Not sure about that either (and the whole “mud hut” angle is a bit weird considering the only examples of Horde mud huts that exist in the game are in Outland Nagrand) but there are masses of zones which feature the Horde and the Alliance on equal footing with well-established bases.
Hellfire Peninsula, Shadowmoon Valley, Dragonblight, Borean Tundra, Southern Barrens, Swamp of Sorrows, Blasted Lands, Feralas, Desolace, just to name a few prior to Mists of Pandaria.
It’s not a sin, no, but I question projecting lore to them that so far doesn’t exist to paint them as the next new villain faction and how this ruins the Alliance which could have / should have had their role as the villains. Moreover, if they in turn don’t turn out into a villain faction, people will also complain about that because it didn’t meet their premature expectations for them. The arguments in this thread sound more like people coming up with things of their own making, and then being upset about what they just made up.
It’s way too early to be ascribing the Arathi as villains (who therefore steal from the Alliance), because the only villainous Arathi that we know of so far are literal Void worshiping traitors.
Valgarde/Vengeance Landing, Valiance Keep/Warsong Hold, that Twilight Highland island thingy/Dragonmaw Port. All of these have some unbuilt or ruined stuff as the Alliance while Horde bases are fully constructed.

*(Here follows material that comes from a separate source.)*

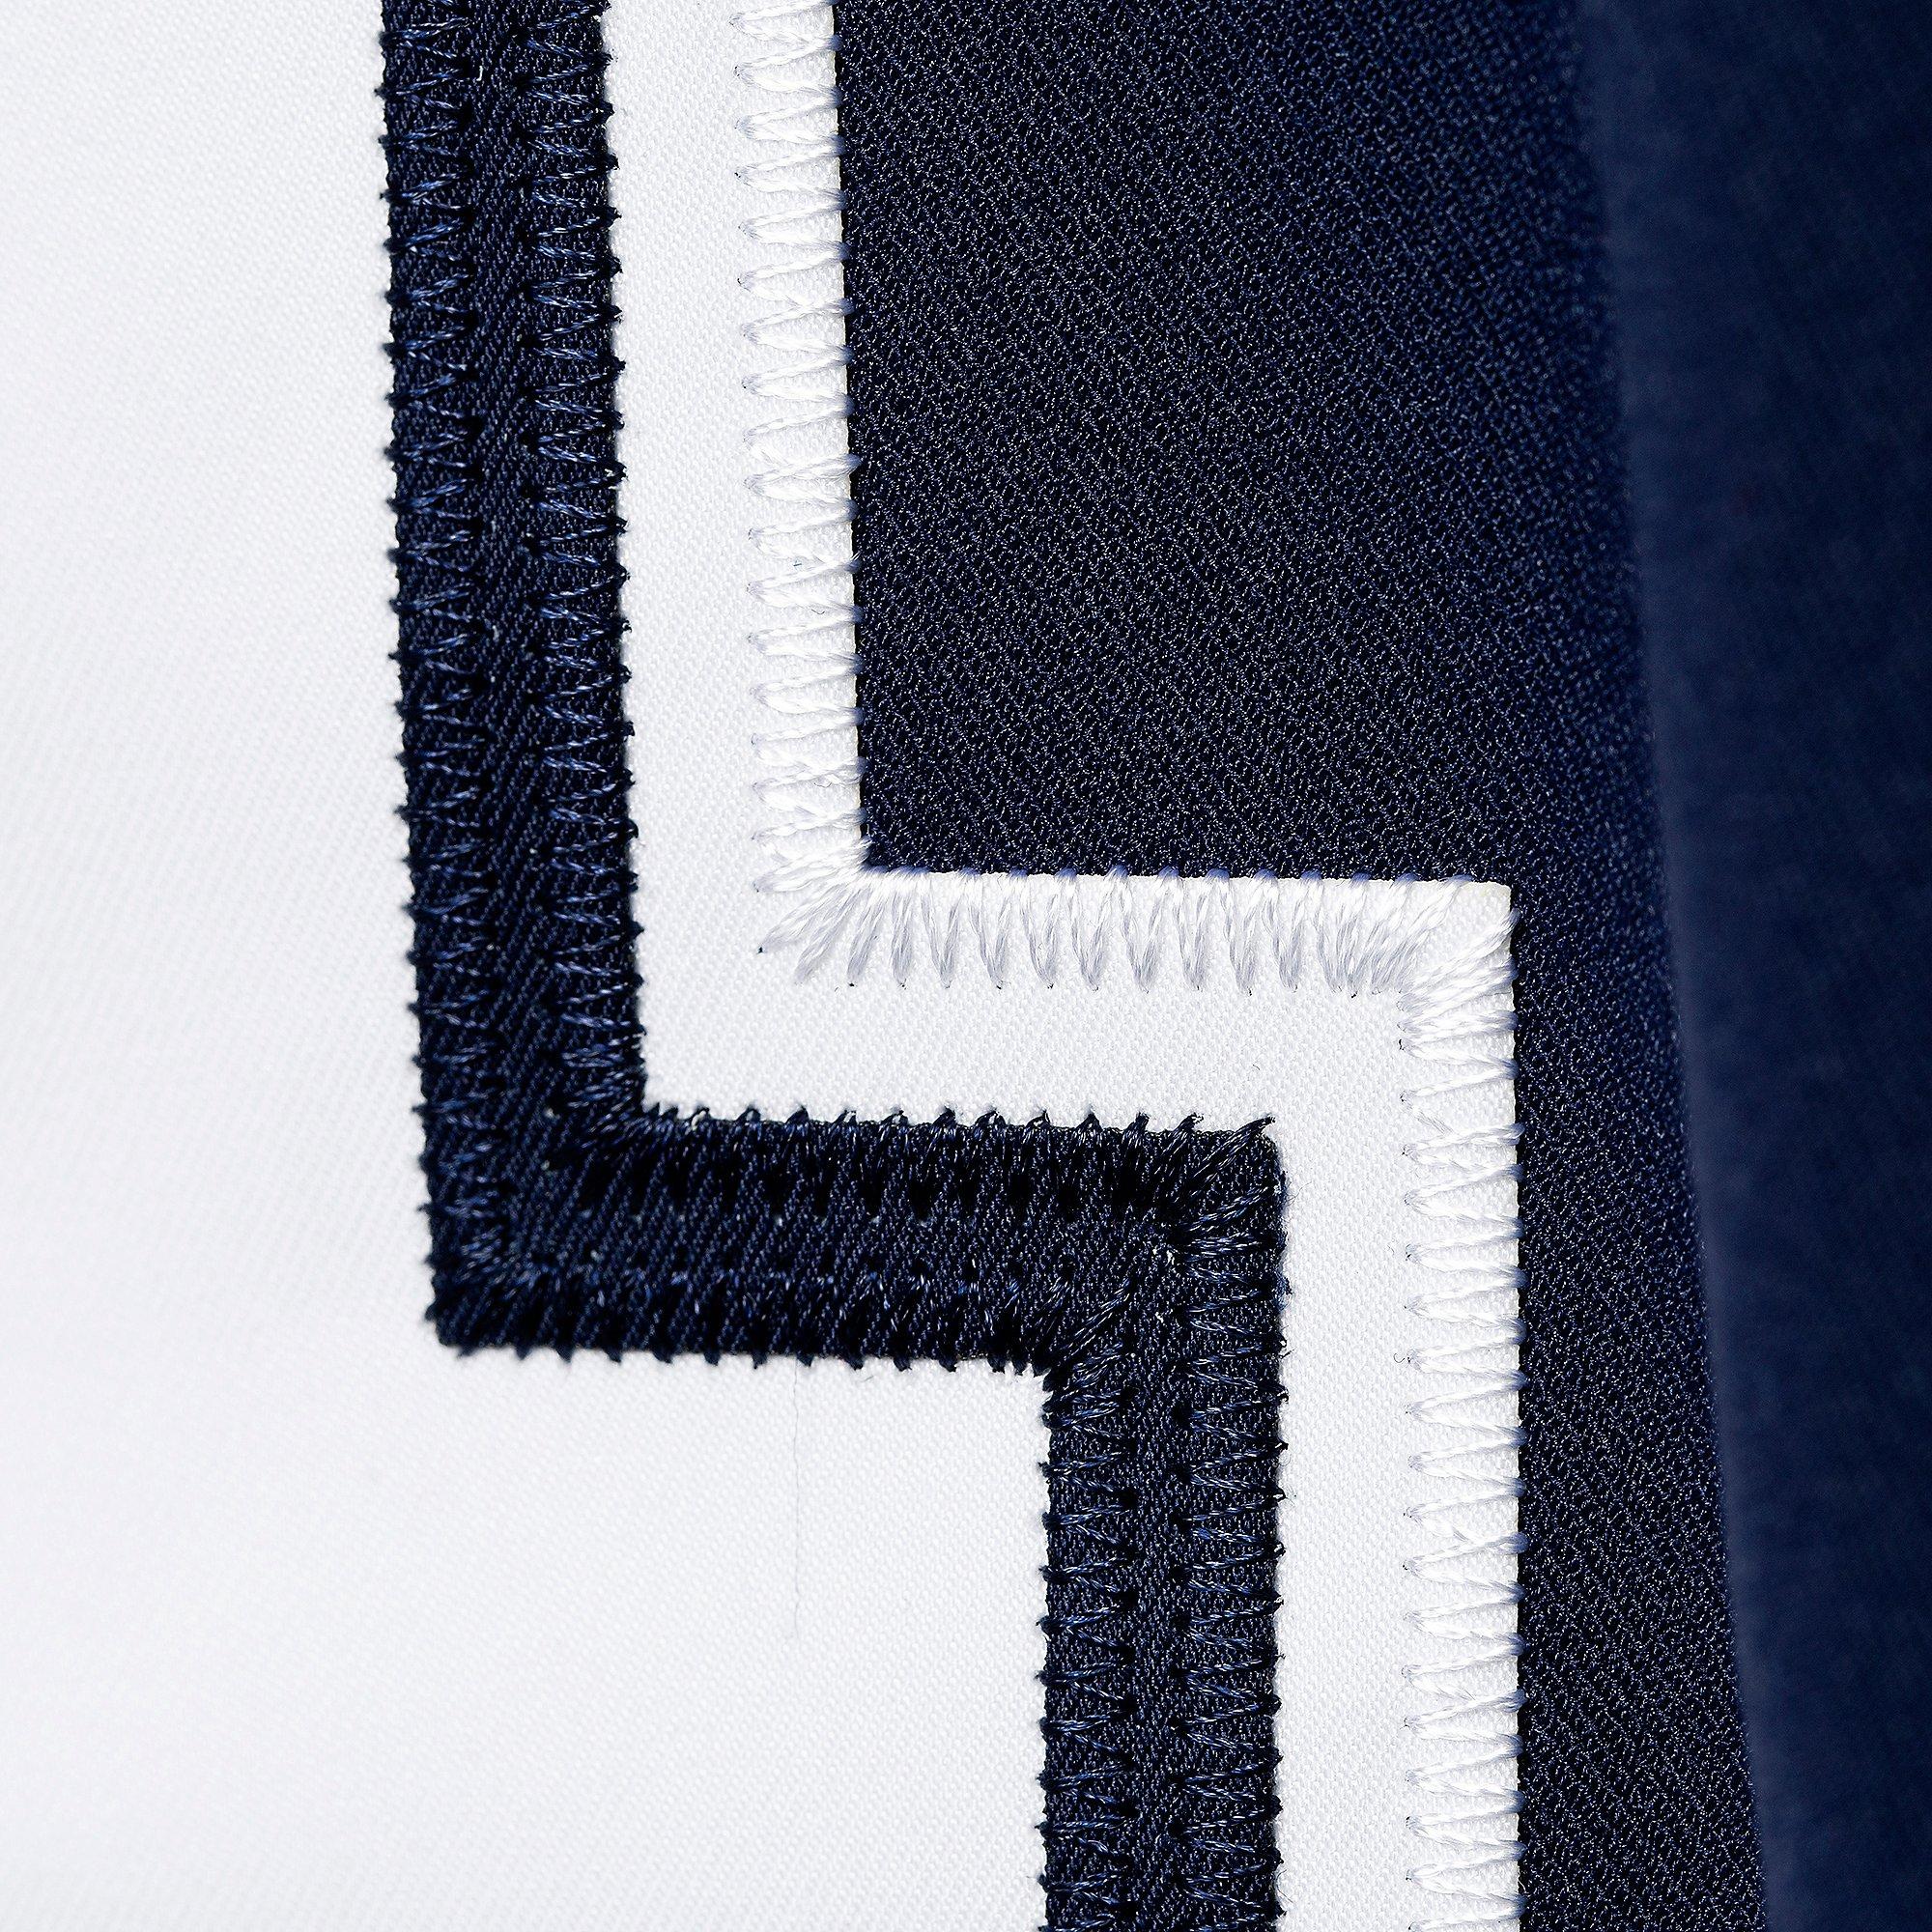 ezekiel elliott authentic jersey

But I, with my galaxy brain, have figured out why that is: Blizzard for some reason hasn´t created ruined/in construction models of WotLK Horde buildings. They also, from Cata forward, started using those models for any new orc places while they kept mixing Vanilla and WotLK models for human places.
This meant that when Blizzard created comparable Alliance and Horde fortresses in new zones, the only way to make Horde one was to put in finished WotLK buildings. Meanwhile, Alliance bases had both the chance to include half-built stuff (WotLK models) or ruined stuff (Vanilla models), which resulted in situations where Horde instantly builds a fortress even during the span of the questing while Alliance never finishes building theirs.
(Also I think this is the sole reason why Nethergarde was destroyed and Okri´lon Hold survived, they didn´t have ruined model for the orc fortress)
Twilight Highlands, Stranglethorn (both zones), Badlands, Stormsong Valley vs pick any Alliance “base” in Zuldazar, Ashenvale (ok, the Alliance has 1 base, a town and a tower or two vs 3 Horde fortresses), the southern Barrens, and there’s prolly more examples but these are from the top of my head.
I wasn’t really hype about the Arathi Empire, but dunno man the more I let it cook the more #hype I get about it.
That said I do hope they get influence in the human nations that they turn the Alliance more antagonistic.
Bronzebeard dwarves, Wildhammer dwarves, Dark Iron dwarves, Alliance earthen, Horde earthen, magni back, future High-King of the dwarves Dagran Thaurissan II has a model.
There are four Horde settlements in Ashenvale, which three would you classify as “fortresses,” exactly?
Do the seven sturdy dwarven structures of Thundermar really only count as a “handful of tents?”
I should point out that the Horde also has almost no significant presence in Tiragarde Sound either, just some pirates who allow them through their den after some shenanigans. Drustvar has a minor Horde presence, just like Nazmir has a minor Alliance presence, and Vol’dun has a fortified Alliance base to match the fortified Horde base in Stormsong.
You’re right about the Alliance settlements in Stranglethorn and Badlands being mostly tent-based, but I think that you might have been resorting to a little hyperbole when you stated that “basically every zone with both Horde and Alliance bases has massive fortresses for the Horde and a few tents for the Alliance.”
In the past, the empire was inhabited by humans and elves, but now they have merged into one people. It makes no sense for them to call themselves “half-elves” rather than some new word, any more than it makes sense for modern French people to call themselves Gallo-Romans.